Suara dan jari-jemarinya itu menggenggam Tokuda Shuusei dengan rapuh. Kepalanya kian erat bersandar pada bahu sang pemuda, tetapi Shuusei hanya semakin melihat kosong makin sentuhan-sentuhan mereka bertemu. Dia adalah Shimazaki Touson. Keduanya tengah menyaksikan malam di dalam jendela penuh bintang-bintang. Seharusnya sekadar menikmati secangkir cokelat panas, andaikata pula Touson tidak tiba-tiba berujar demikian.
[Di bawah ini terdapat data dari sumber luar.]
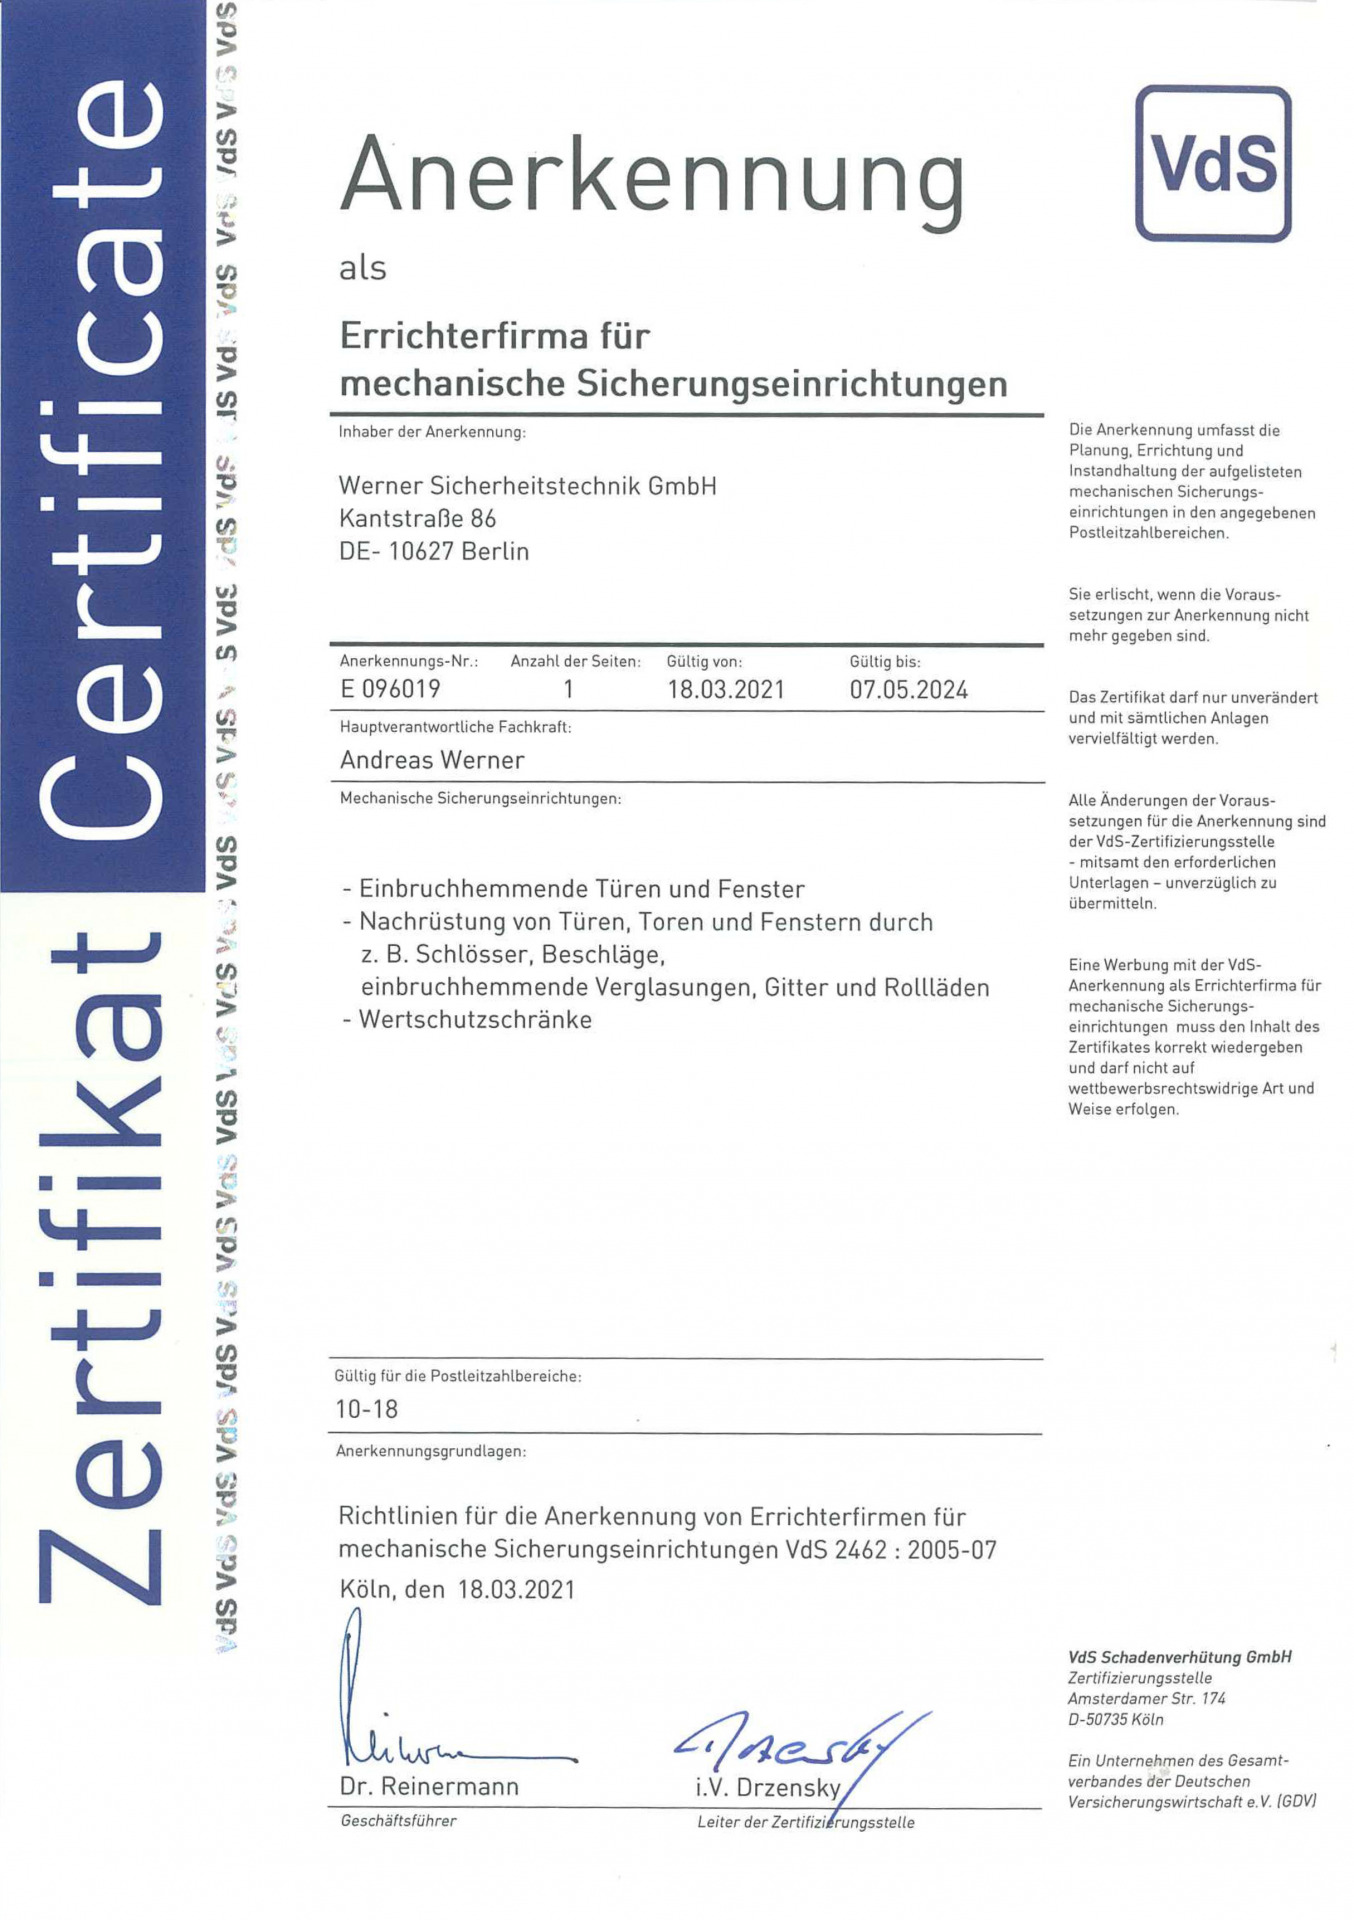 VdS Zertifikat für mechanische Sicherungstechnik
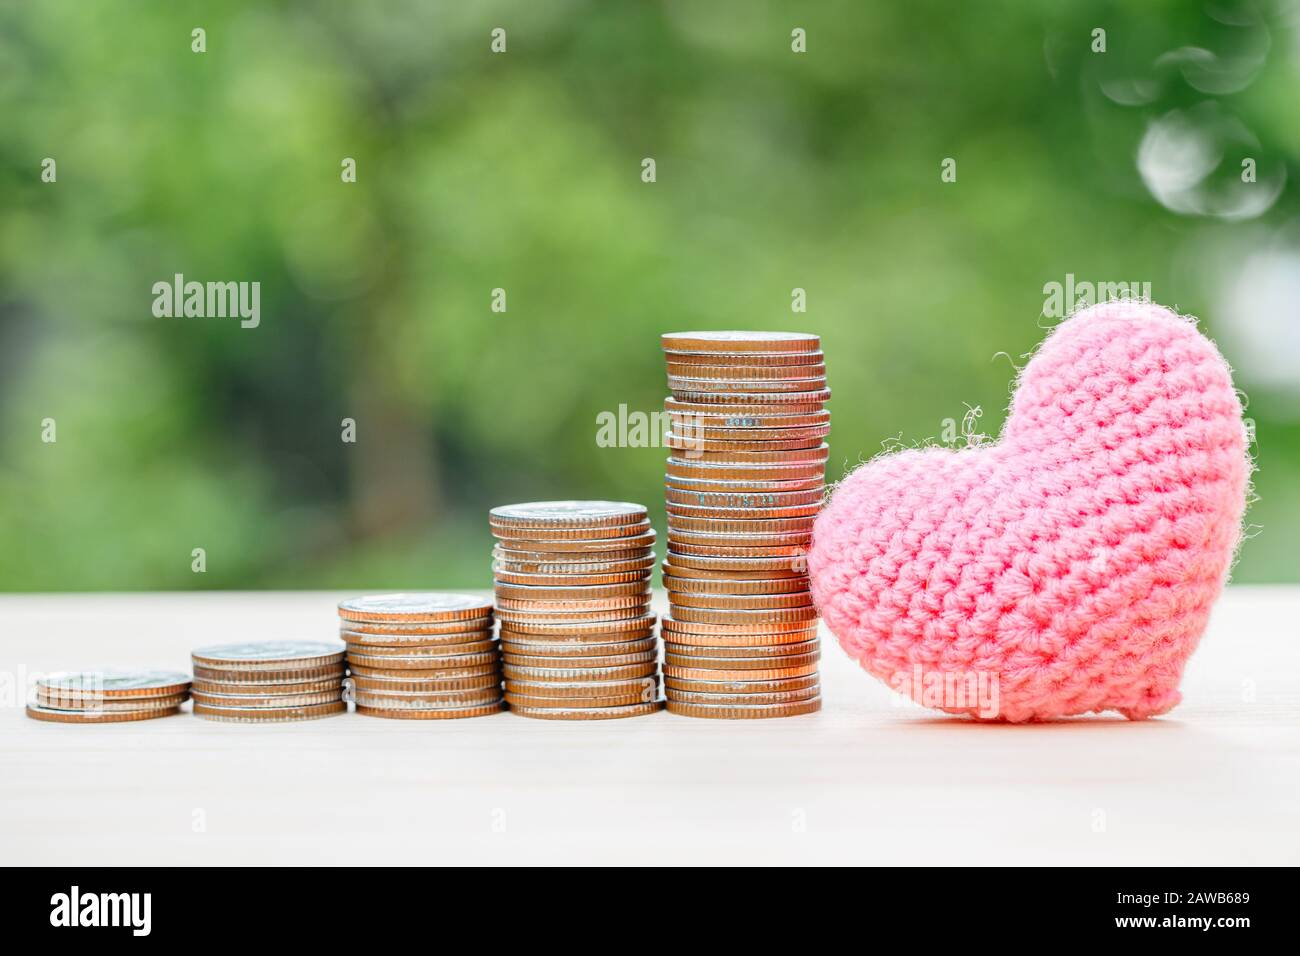 Wunderschönes Herz mit Geldmünzenstapel für die Liebe zum Sparen oder halten von Geschäftsgewinn oder medizinischem Schutzkonzept. Stockfoto

"Kenapa memangnya? Ada sesuatu yang menakutimu?" tanya Shuusei retorik. Tangannya mengelus-elus lembut rambut Touson yang cokelat manis. Menghidunya yang mana Shuusei dapat merasai aroma sampo min–jejak yang tertinggal untuk membuktikan kenangan, bahwa mereka mandi bersama hari ini.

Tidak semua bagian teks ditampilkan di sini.